Son yayımlanan genelgede tarım ve gıda sektörünü ilgilendiren yeni tedbirlerin bulunduğuna dikkati çeken Pakdemirli, “Gıda sektöründe restoran ve pastane gibi yeme içme yerleri 10.00 ila 20.00 saatleri arasında sadece paket servis hizmeti verecek şekilde açık olabilecek. Bununla birlikte üretim ve imalat tesisleri saat sınırı olmadan açık kalabilecek. Küçükbaş ve büyükbaş hayvanları otlatanlar, arıcılık faaliyetini yürütenler, veteriner hekimler, bitkisel ve hayvansal ürünlerin üretimi, sulaması, işlenmesi, ilaçlaması, hasadı, pazarlanması ve nakliyesinde çalışanlar da yasaklardan muaf olacak, yani işlerini yürütebileceklerdir” dedi.



“Tarımsal hasıla son 2 yılda yüzde 47 arttı”


Cumhurbaşkanlığı Hükümet Sistemi ile “tarım ve ormanın” tek bir bakanlık çatısı altında toplandığını hatırlatan Pakdemirli, “Bu sayede alınan hızlı kararlarla 2018 yılını yüzde 2,1 ve 2019 yılını ise yüzde 3,7 büyüyerek tamamladık. 2020 yılının ilk çeyreğinde ise sektörümüz yüzde 2,6 ve ikinci çeyreğinde de yüzde 4 ile ilk altı ayda ortalama yüzde 3,5 büyüdü” diye konuştu.


2002 yılında 37 milyar lira olan tarımsal hasılayı 277,5 milyar liraya çıkardıklarını dile getiren Pakdemirli, son iki yılda ise hasılanın toplamda yüzde 47 arttığını söyledi.



“DİTAP’ta ticaret hacmi 150 milyona ulaştı”


Bu yıl hayata geçirdikleri DİTAP’ın yaklaşık 150 milyon liralık işlem hacmine ulaştığını ve sisteme 105 binin üzerinde kayıtlı alıcı ve satıcının bulunduğunu anlatan Pakdemirli, sistemin daha yaygınlaşması için taşra teşkilatına önemli görevler düştüğünü söyledi. Türkiye’de her yıl 18,8 milyon ton gıdanın çöpe gittiğini belirten Pakdemirli, bunun önüne geçmek için “Gıdanı Koru, Sofrana Sahip Çık” kampanyasını başlattıklarını belirterek, “Eğer, toplumsal farkındalık meydana getirebilir, yüzde 2’lik bir tasarruf sağlayabilirsek, 10 milyar liramızı çöpe atmamış oluruz.
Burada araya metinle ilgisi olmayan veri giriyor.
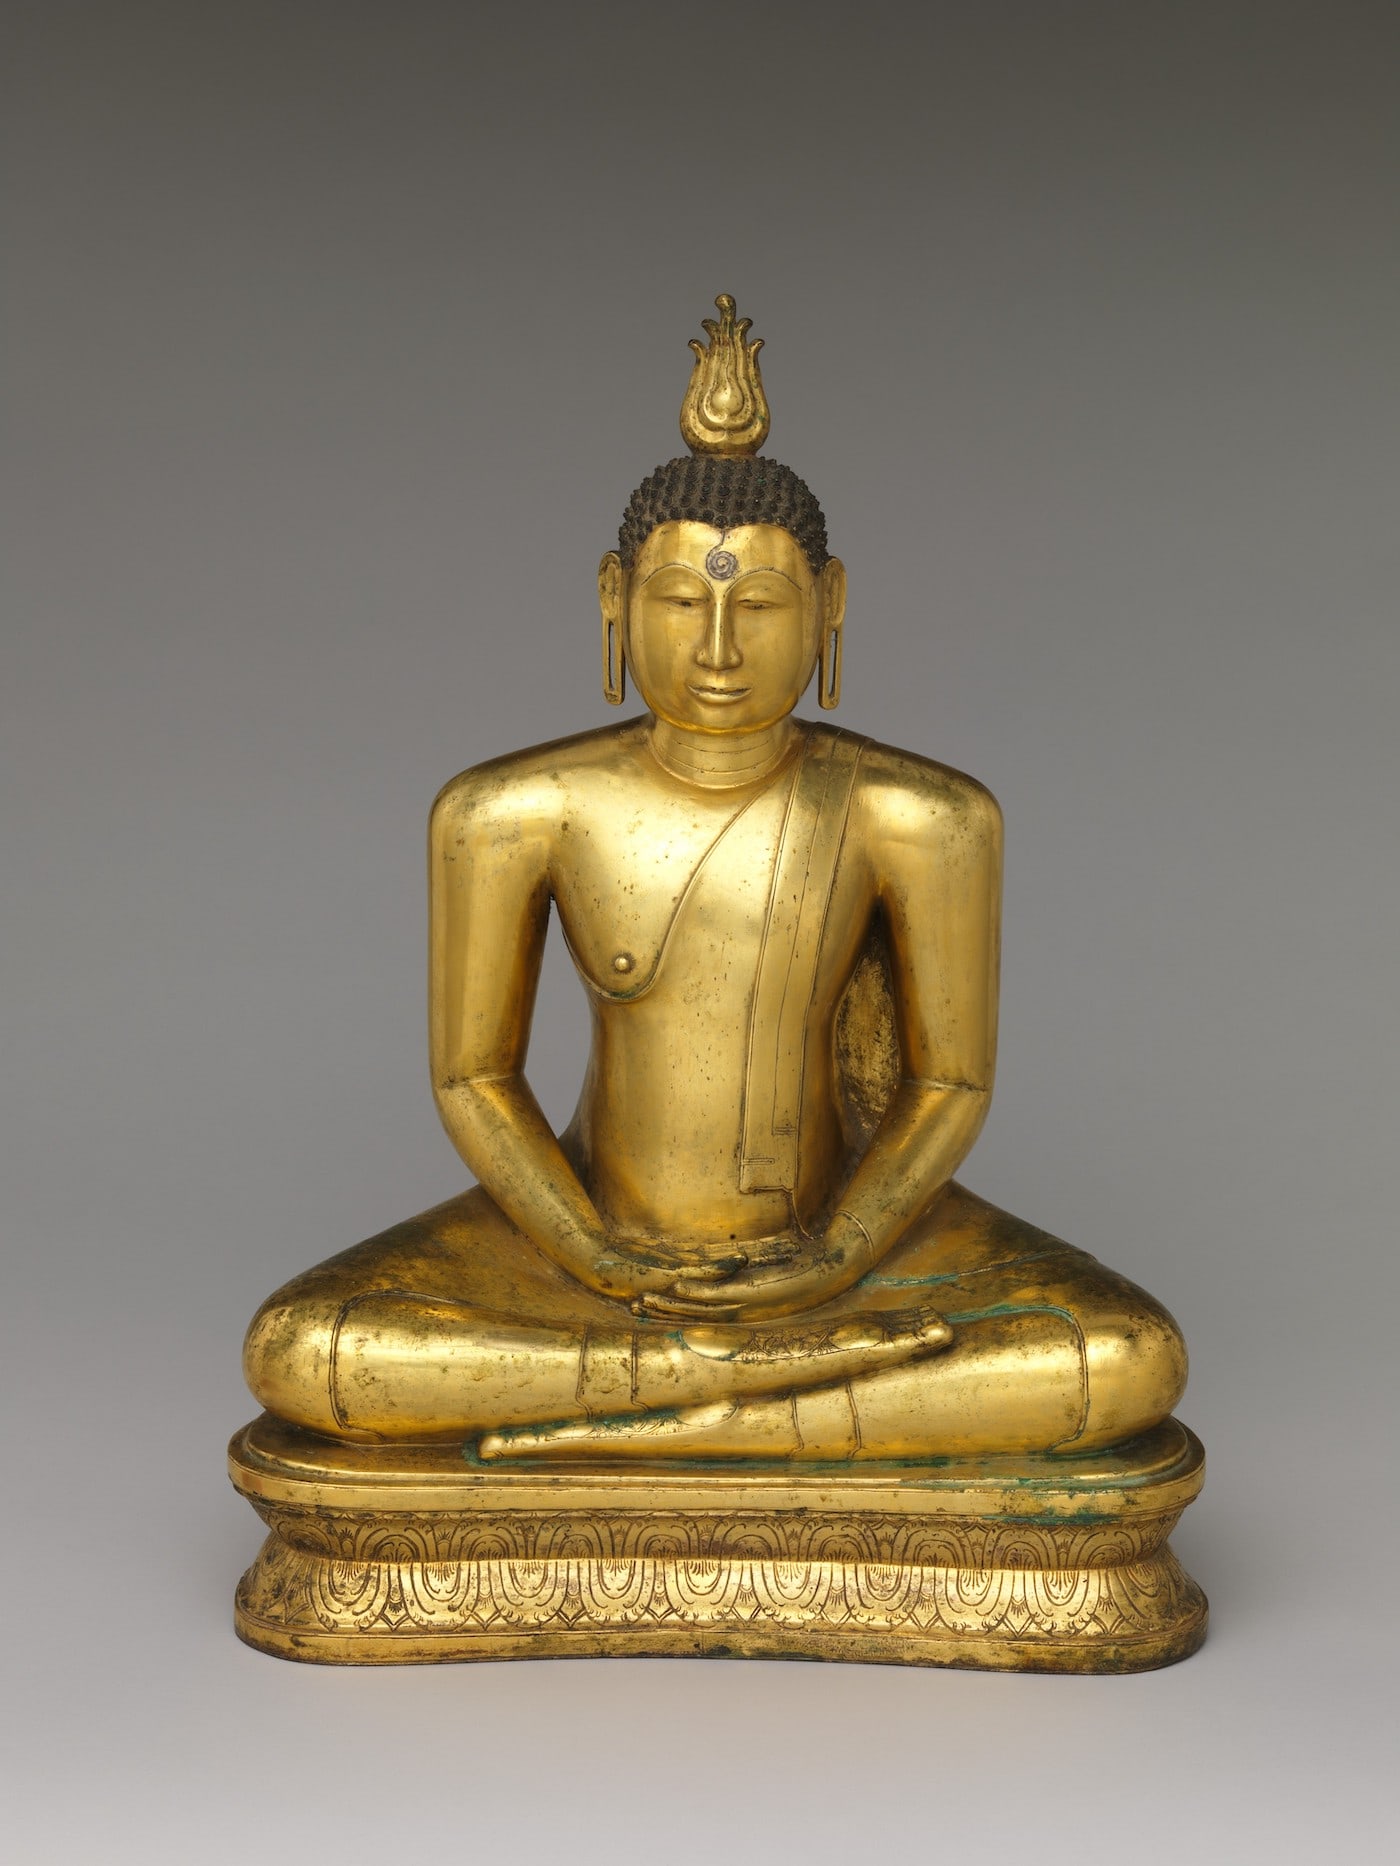 Buddha Seated in Meditation, 16th century, Sri Lanka, The Metropolitan Museum of Art (article on meditation)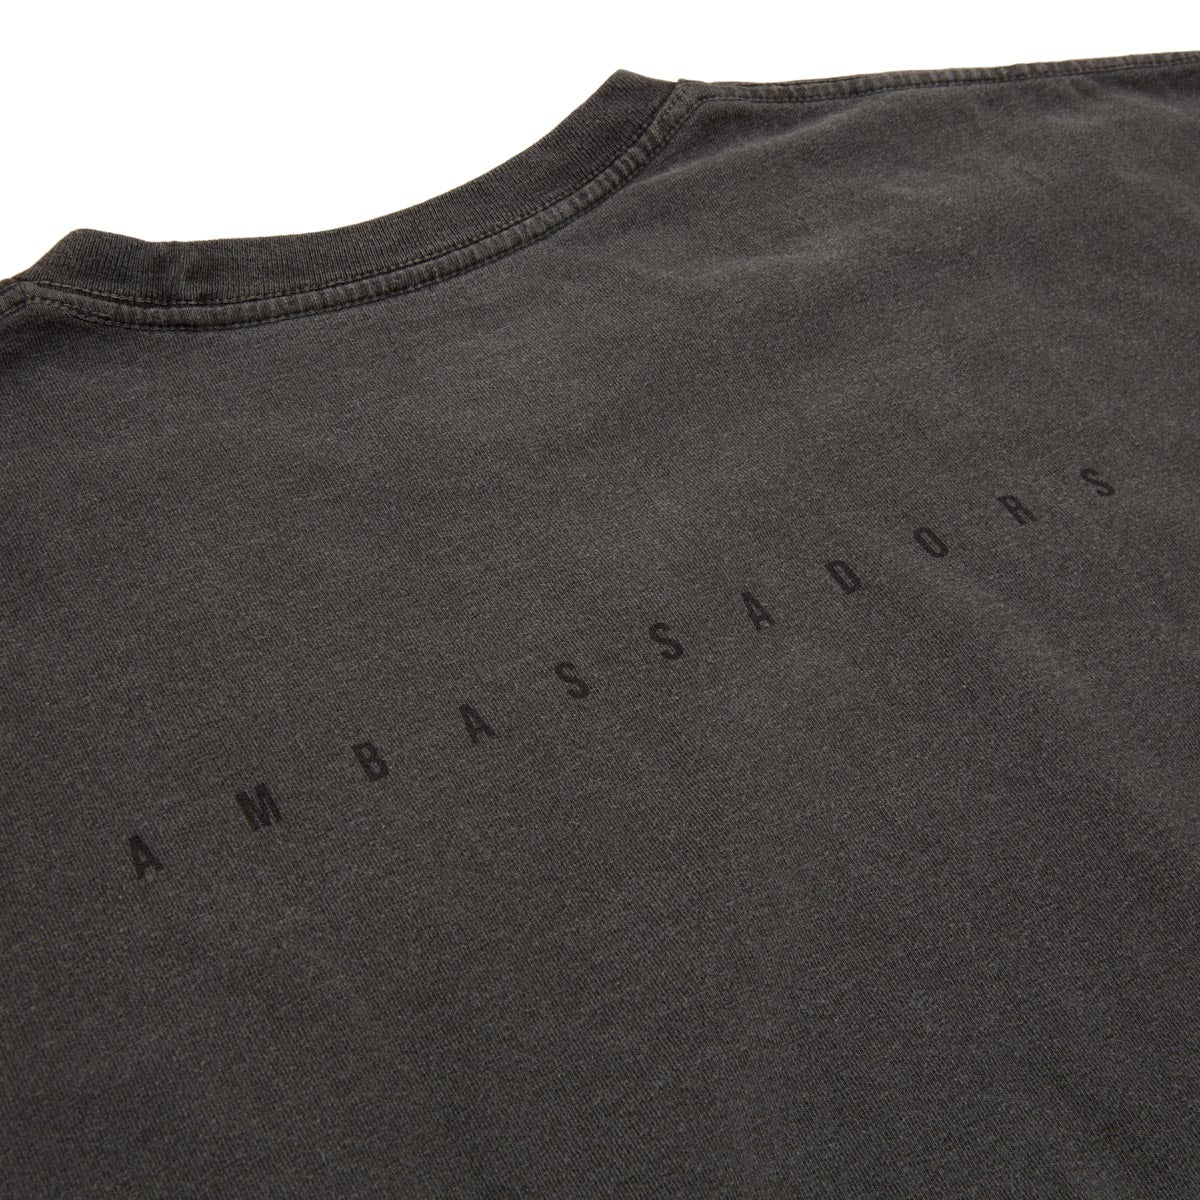 AVVA Reef Rider T-Shirt - Charcoal Grey image 4

Bu rakam, 360 bin ailenin yıllık asgari geçimi demektir” dedi.


Pakdemirli, bu kapsamda “Söz Ver, Rekor Gelsin” sloganıyla hayata geçirdikleri kampanyayla şu ana kadar 700 bin vatandaşın gıdasını koruyacağına dair söz verdiğini dile getirdi.



“11 Kasım’da 13,8 milyon fidanı toprakla buluşturduk”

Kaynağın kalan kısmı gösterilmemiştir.